Раздается удар колокола, потом пронзительный свисток. Идут уборщики, я распахиваю ворота и пристраиваюсь к ним.

185

Нас пересчитывает маленький узкоплечий эсэсовец с болезненным лицом — блокфюрер. У него тяжелый, подозрительный взгляд, и мне кажется, он очень недобро покосился на мой красный треугольник с буквой «R». Надо полагать, что за русским торвертером будет установлена слежка.

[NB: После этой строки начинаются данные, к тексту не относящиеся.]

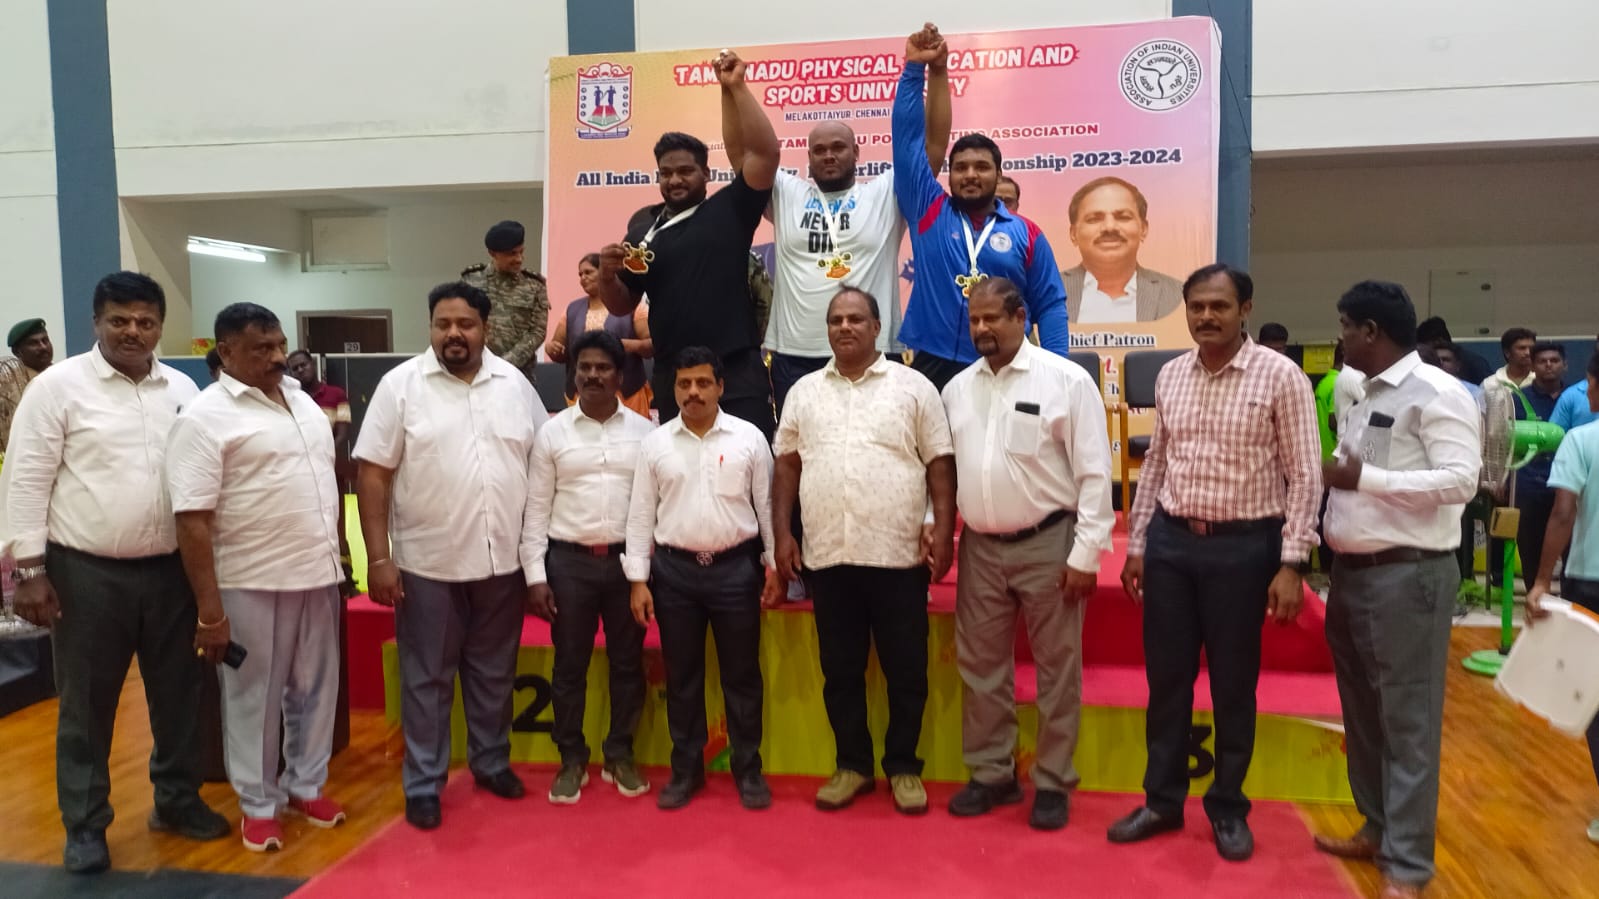 Student Manish Kumar won silver medal in 120 kg weight category.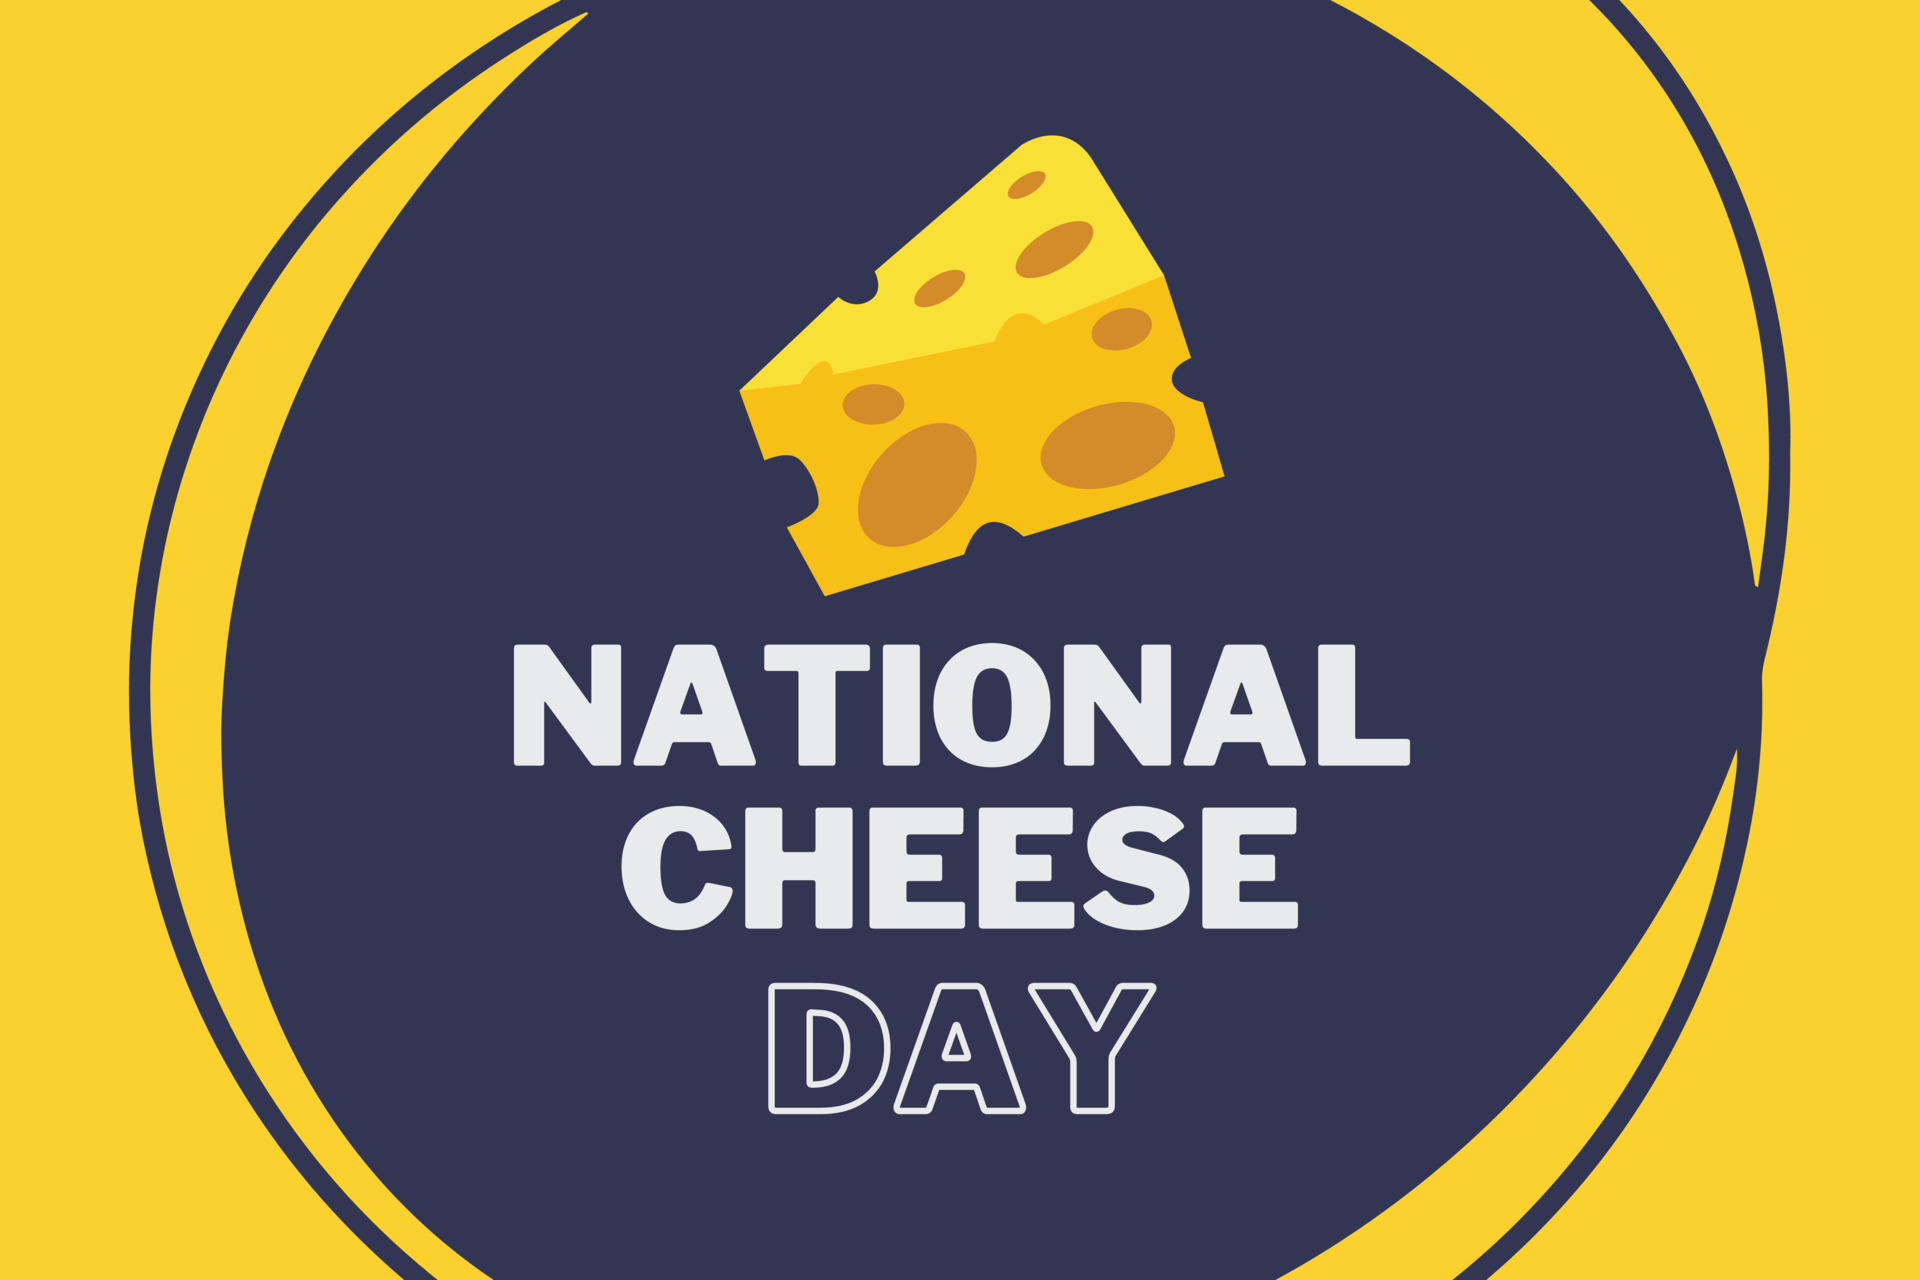 national cheese day poster suitable for social media post 23708425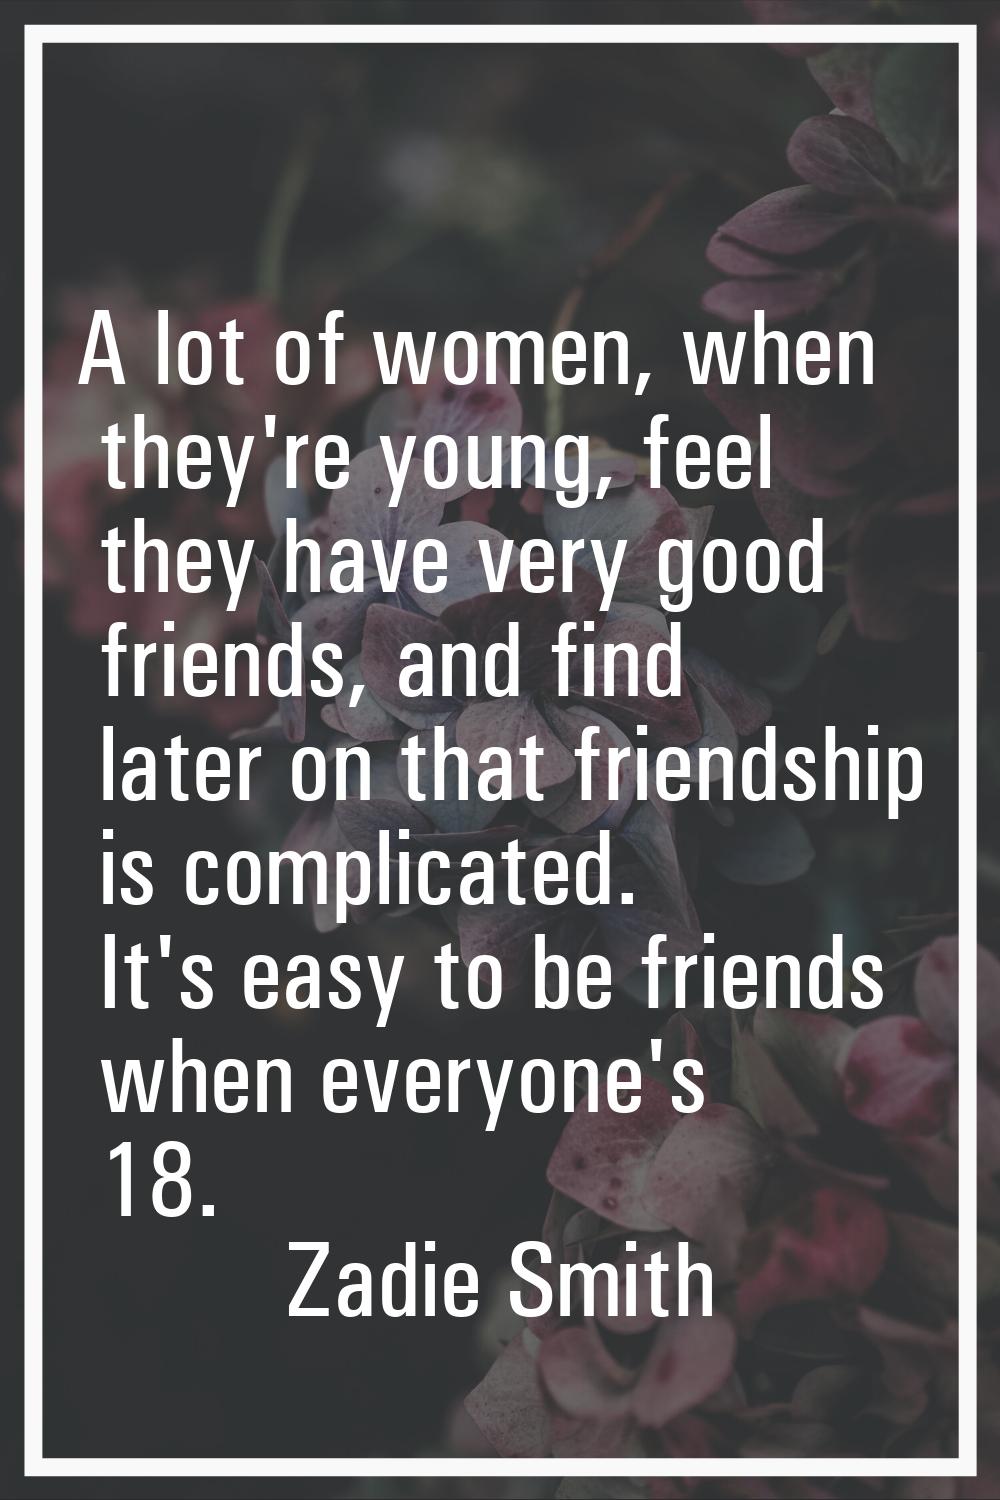 A lot of women, when they're young, feel they have very good friends, and find later on that friend

После ухода блокфюрера занимаю свое место у ворот. В лагерь начинают возвращаться рабочие команды. Проулки заполняются усталыми людьми в запыленной одежде. Наконец появляется паша штрафная команда. Еще издали замечаю сдвинутую на затылок «панаму» Олега и машу ему рукой. Виктор и Шурка потрясают в воздухе пустыми котелками.

Открываю ворота, жму руки, спрашиваю.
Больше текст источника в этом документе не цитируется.